The second way we ensure specificity to the Asian hornet larvae is through our choice of bacteria. After doing a literature search and a bioinformatic analysis of V. velutina microbiota, we selected L. lactis because it has been found in the larvae’s gut (Cini et al. 2018; Hettiarachchi et al. 2023). After choosing the bacteria, we contacted the research group of Prof. Peter Vandamme from Ghent University working on V. velutina microbiota to ask them for a L. lactis strain isolated directly from a hornet's gut. By using a gut commensal of the Asian hornet, we are hoping to maximise the chances of our engineered bacteria to colonise their gut. Colonisation of the gut would lead to a stable population of bacteria. These bacteria would produce and release larger amounts of shRNA. This would lead to a greater shRNA release and gene silencing, as opposed to a transient bacterial population that would not colonise the gut, and hence only be active for a very limited time.

shRNA sequence

Finally, the third layer of larvae specificity lies in our choice of shRNA sequences produced by our bacteria. We have specifically chosen to silence the chitin synthase gene that is involved in the development of the Asian hornet larvae. This ensures that our shRNAs would affect adult Asian hornets to a lesser extent than they would larvae, if at all.

Design

Bacteria engineering

Why do we want to use shRNA to target the Asian hornet ?

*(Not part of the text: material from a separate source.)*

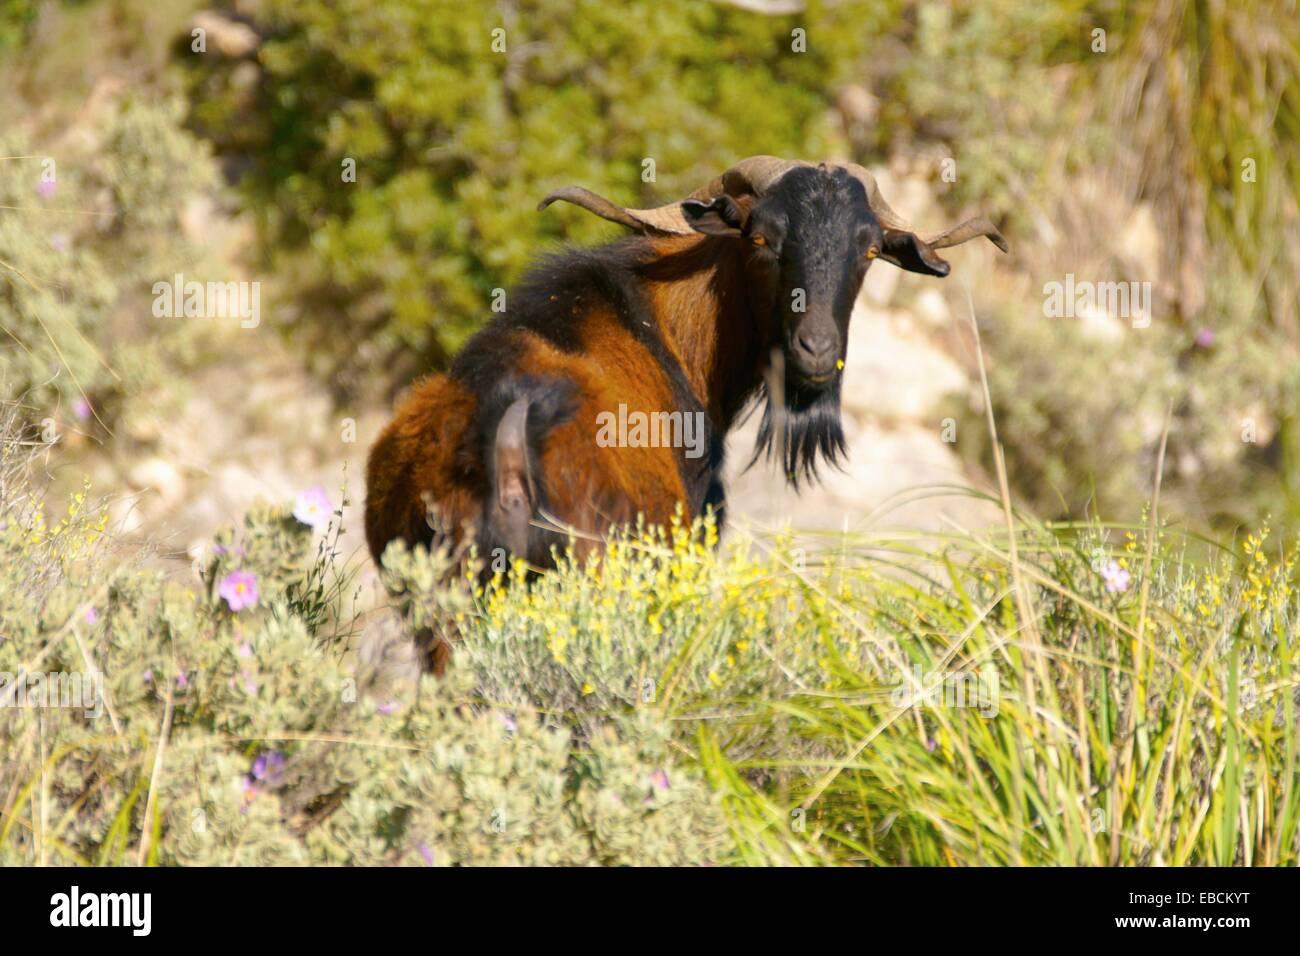 Boc Balear, wild goat, Andratx, Mallorca, Sierra de Tramuntana Trapa Balearic Spain - Stock Image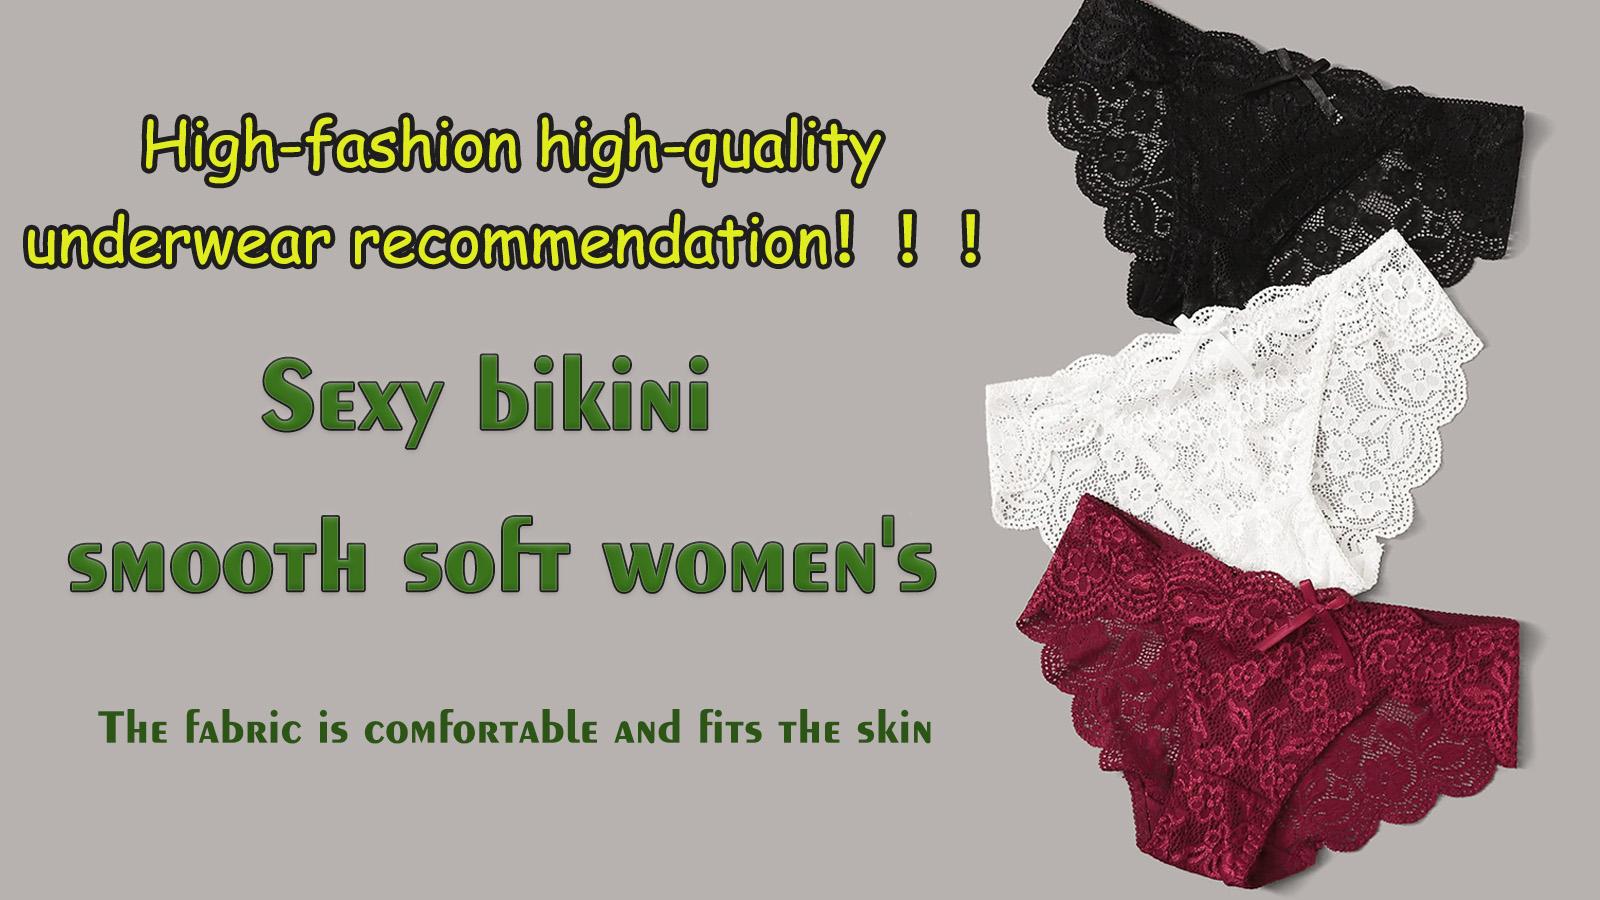 Hot Sexy Bikini Smooth Soft Colorful Lace Women panties Underwear 8933

We were looking for a solution that is safe for the environment and other insects, meaning one that specifically targets the Asian hornet. RNA interference (RNAi) through short hairpin RNA (shRNA) delivery could be a great option to achieve this. Simply put, RNAi works by turning off specific genes based on their unique sequence. Since some gene sequences are different in different species, RNAi can be designed to target just the Asian hornet’s larvae by shutting down chitin synthase gene, without harming other insects. RNAi is already being investigated as a way to control pests. For example, to control mosquito population, a mosquito gut commensal was engineered to produce shRNA that will silence larval genes (Ding et al. 2023). We want to apply that same idea to the Asian hornet. To achieve this, we came up with the following plan:

Design

Firstly, we decided to clone our constructs in E. coli first and then transform them into our target bacterium L. lactis, as both can harbour extragenomic DNA in the form of plasmids (Papagianni, Avramidis, and Filioussis 2007).
We needed a plasmid with a specific origin of replication, that could work in both strains. We choose to use pMG36E, which carries a pWV01 origin of replication, that we purchased from Addgene (“Addgene: pMG36E,” n.d.) as a backbone. The plasmid contains an Erythromycin resistance that would allow for easy selection.
We designed a simple construct: promoter-shRNA-terminator. We chose a promoter, PTS-IIC, that was described to work in both L. lactis and E. coli (Ogaugwu et al. 2017). The terminator, rrnb t1-t7te, was taken for the iGEM registry (“Part:BBa K4604043 - Parts.Igem.Org,” n.d.).

Figure 2: Map of the plasmid pMG36E_shRNA_scaffold.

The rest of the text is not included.